Tellurian (NYSE:TELL) is in talks with Japanese and Indian firms, in addition to oil majors and upstream firms, about potential investments in its deliberate Driftwood liquefied pure gasoline plant on the Louisiana coast, CEO Octavio Simoes instructed Nikkei on Monday.
Driftwood LNG’s deliberate annual capability of 11M metric tons represents greater than 10% of LNG demand in Japan, the world’s prime importer of the gas.

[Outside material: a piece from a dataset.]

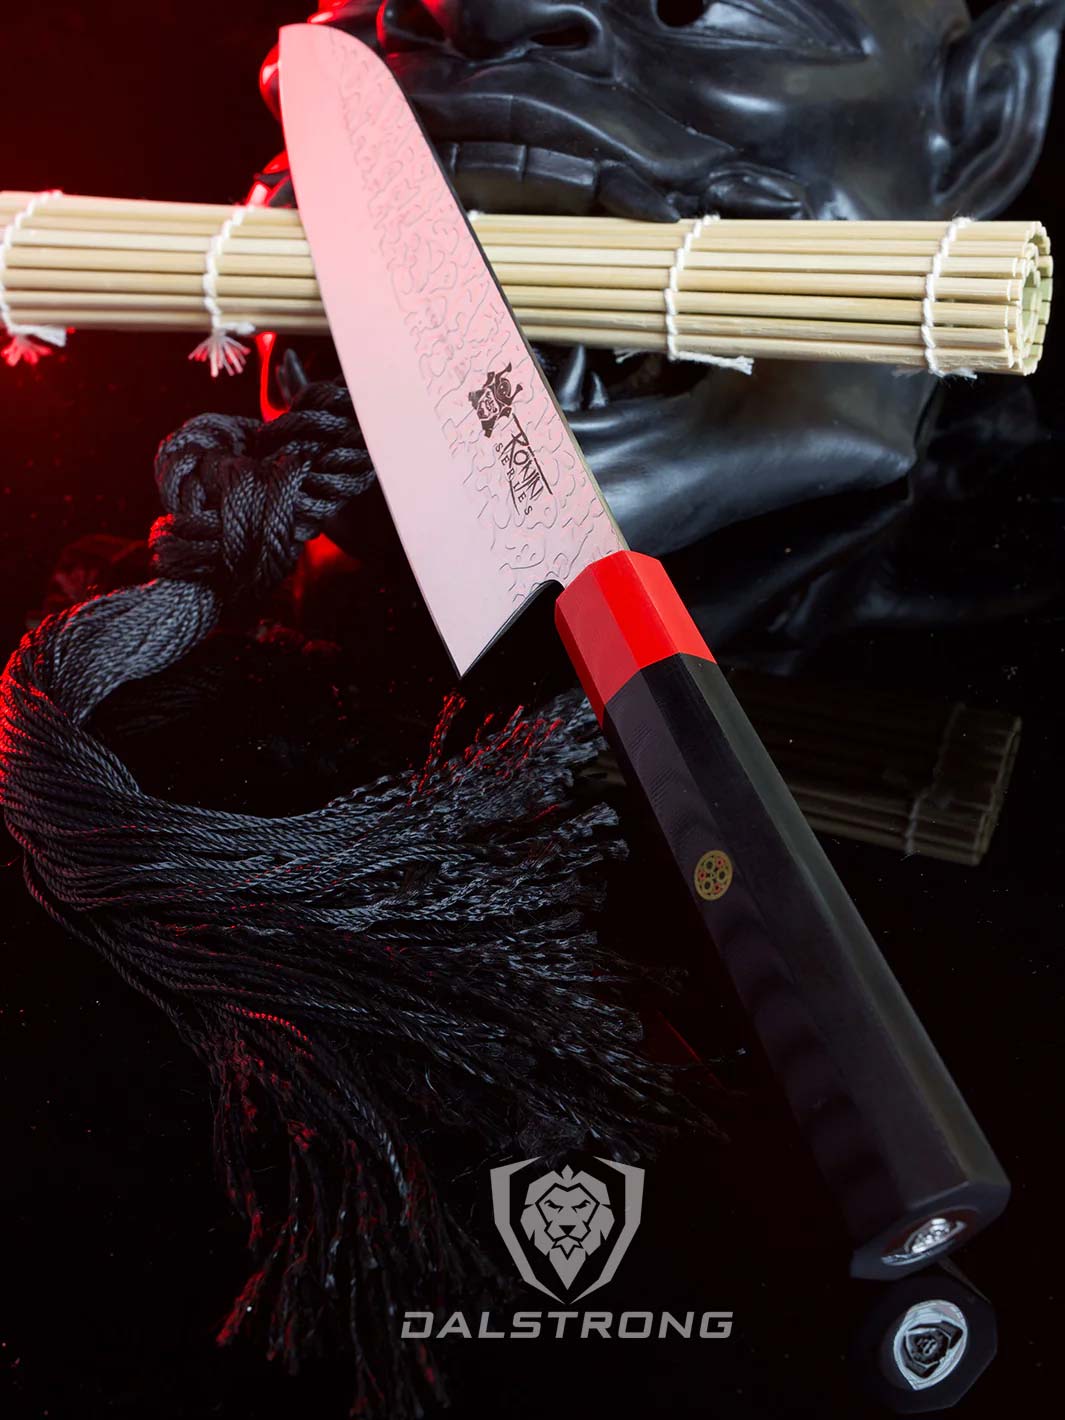 Acacia Wood Magnetic Knife Holder Chef Santoku Japanese Knife

Japanese firms have been concerned within the launch of three U.S.-based LNG initiatives, and growing imports from the U.S. would assist guarantee a secure provide for Japan.
The Driftwood LNG venture was dealt a significant blow when two of its prime prospects, Shell and Vitol, canceled long-term offers final yr totaling 6M tons/yr, and Tellurian (TELL) is making an attempt to avoid wasting the venture underneath an association that can let fairness companions offtake LNG based mostly on their stakes.
“We proceed to place collectively the items to have superior discussions with potential fairness companions… so it’s totally enticing,” Simoes mentioned to Nikkei.
Tellurian (TELL) surges final week on information it entered right into a binding letter of intent with a significant institutional investor to promote for $1B and lease again for 40 years ~800 acres of owned and leased land for use for the proposed Driftwood LNG venture.